Le débiteur déclarant la créance d’un créancier à la procédure collective peut-il, par la suite, la contester ?

Dans une décision récente du 23 mai 2024 (Com, 23 mai 2024, n°23-12.133), la chambre commerciale de la Cour de cassation vient nous indiquer si la « déclaration de créance » faite par le débiteur, vaut reconnaissance de celle-ci par son auteur.

Un sujet intéressant en droit des procédures collectives et en matière de vérification du passif de l’entreprise en difficulté pour le déclarant qui souhaiterait ultérieurement contester le bien-fondé de sa dette.

 

  • Contexte Juridique

Lorsque la procédure collective est ouverte, le débiteur doit remettre au mandataire, dans un délai de huit jours, la liste de ses créanciers. Cela étant prévu par l’article R.622-5 du Code de commerce. Le mandataire va alors informer les créanciers de cette liste et ces derniers disposent de trente jours pour les contester. Le créancier ne répondant pas dans ce délai, perdra le droit de contester les propositions faites par le mandataire (des rares exceptions permettent de solliciter l’autorisation du juge pour être relevé de sa déchéance).

 

  • L’Arrêt de la Cour de Cassation

Des sociétés débitrices, dans deux arrêts du 23 mai 2024, ont contesté une créance déclarée par un créancier, alors même qu’elles avaient elles-mêmes porté cette créance à la connaissance du mandataire. Le créancier a alors affirmé que la liste des créances établie par le débiteur vaut reconnaissance de la dette par celui-ci et que même si les sociétés débitrices ne reconnaissent pas le montant déclaré par le créancier, elles reconnaissent à minima le bien-fondé de l’existence de la créance puisqu’elles l’ont elles-mêmes déclarée à la procédure collective.

La Cour de cassation va alors poser le principe selon lequel la déclaration de créance faite par le débiteur pour le compte du créancier ne vaut pas reconnaissance de son bien-fondé.
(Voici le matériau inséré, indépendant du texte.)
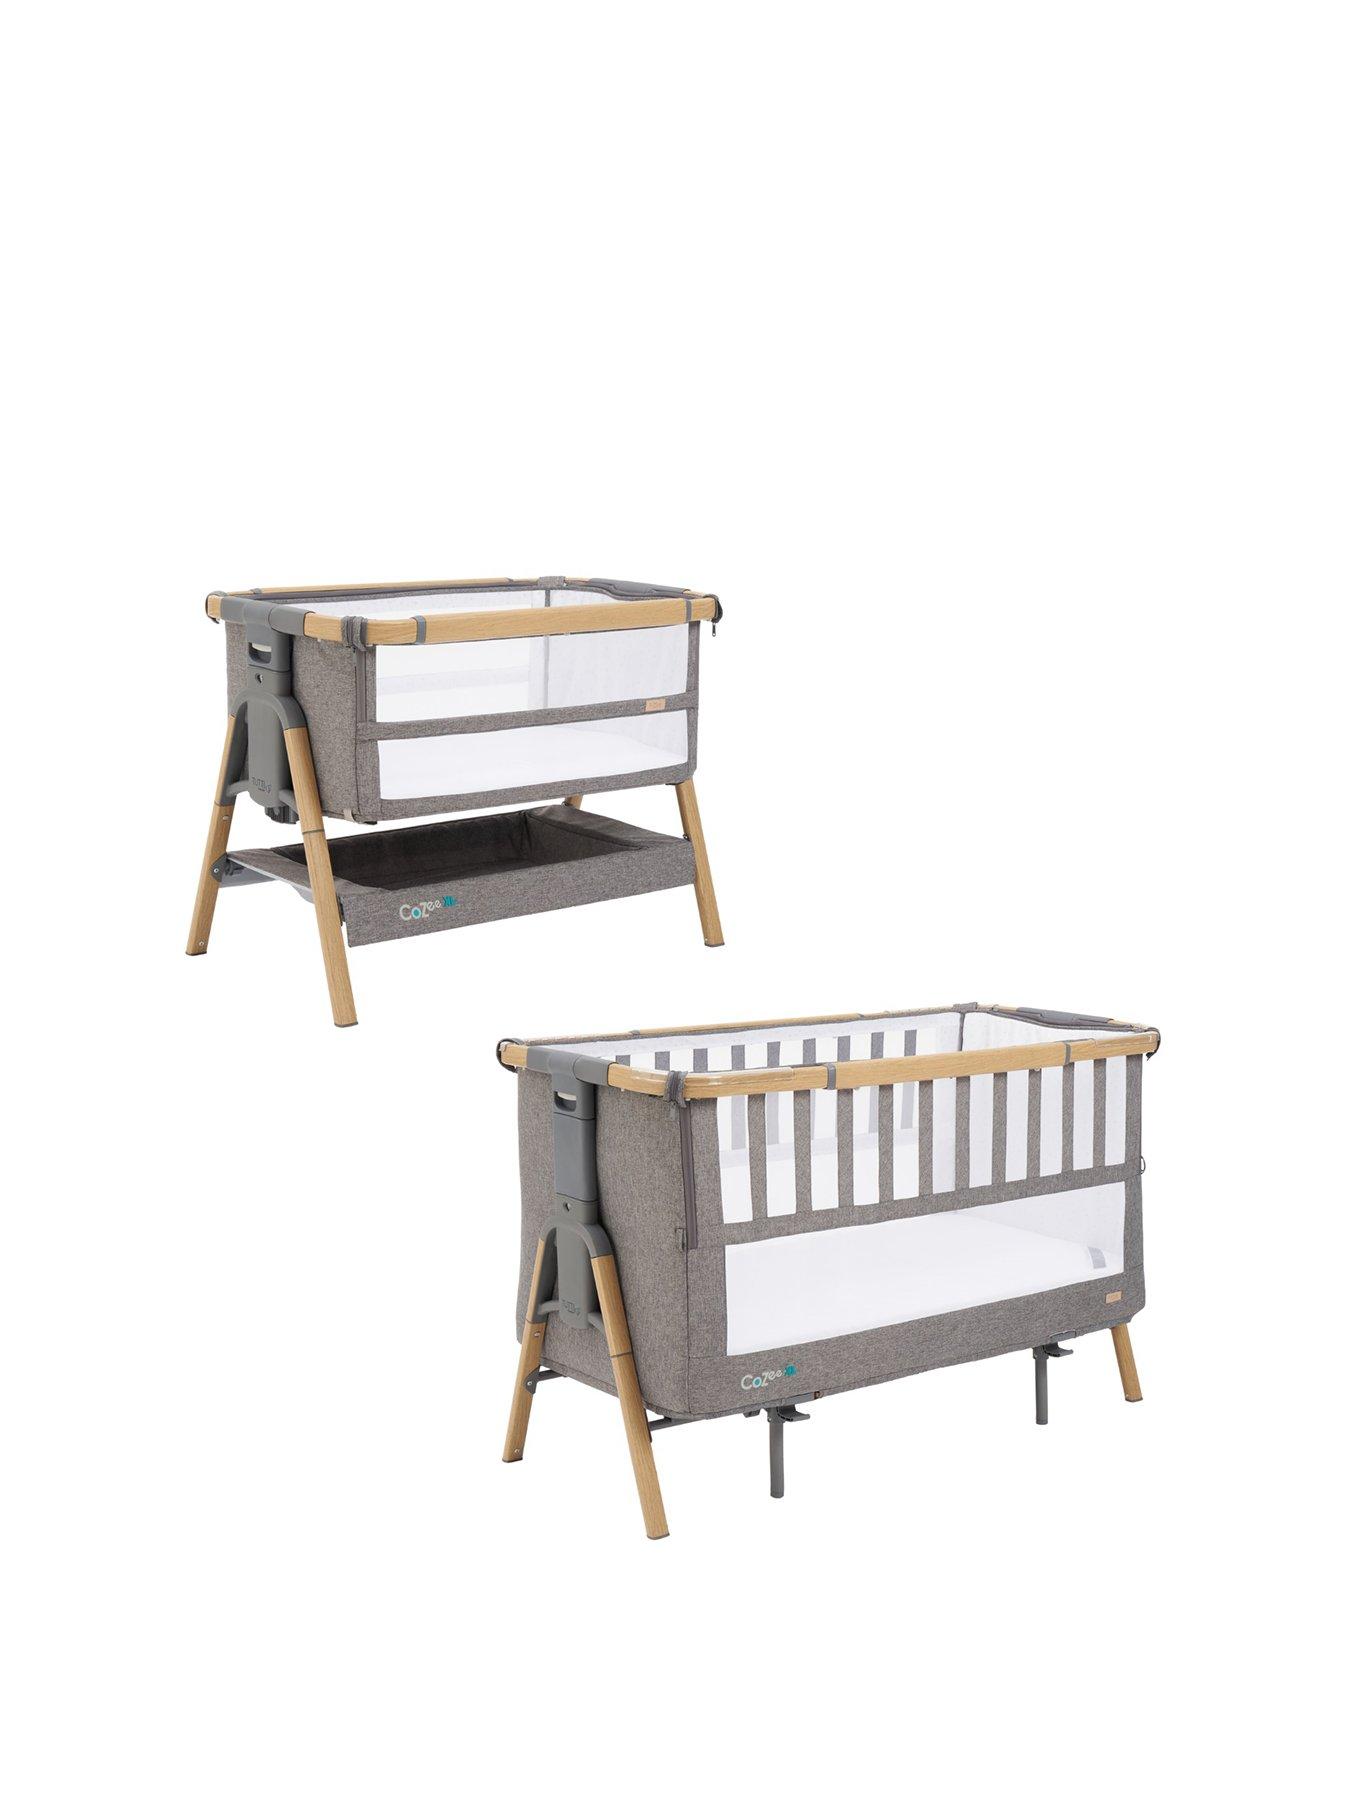 Tutti Bambini Cozee Xl Bedside Crib  Cot - Oak / Charcoal

En effet, le débiteur a l’obligation de mentionner l’ensemble des créances susceptibles d’être revendiquées par des tiers, même si celles-ci sont incertaines. De plus, conformément à l’article L.622-24 du Code de commerce, le débiteur qui a porté une créance d’un tiers à la connaissance du Mandataire judiciaire est présumé avoir agi pour le compte du créancier tant que celui-ci n’a pas adressé sa déclaration de créances.  Aussi, la reconnaissance de ces créances ne peut, selon la Cour de cassation, incomber au débiteur en difficulté.

 

  • Implications Pratiques

Ce principe implique une conséquence fondamentale pour les débiteurs et créanciers d’une procédure collective. Si la déclaration de créance faite par le débiteur, à la procédure collective, pour un créancier, ne vaut pas reconnaissance de son bien-fondé, le débiteur pourra alors la contester.

De ce fait, le débiteur en difficulté a désormais intérêt à déclarer l’ensemble des créances certaines et incertaines car il pourra, par la suite, les contester. De plus, il évitera la potentielle sanction de l’article L.653-8 du Code de commerce qui prévoit, notamment, l’interdiction de diriger une entreprise s’il n’a pas remis, de mauvaise foi, les informations censées être communiquées au Mandataire judiciaire.

 

  • Le débiteur déclarant une créance d’un tiers à la procédure collective peut-il, par la suite, la contester ?

Cette décision du 23 mai 2024 est importante pour l’ensemble des parties à la procédure collective. La Cour de cassation considère que la liste des créances portée par le débiteur au Mandataire judiciaire, ne vaut pas reconnaissance du bien-fondé des créances déclarées. Un principe conférant donc au débiteur, la possibilité de contester ces créances.

Le débiteur a donc tout intérêt à déclarer sereinement, l’ensemble des créances susceptibles de lui être opposées. Surtout, ne les oublions pas, les créanciers ont intérêt à ne pas se reposer sur cette déclaration faite spontanément par le débiteur et à adresser leur déclaration de créances et justificatifs au Mandataire judiciaire.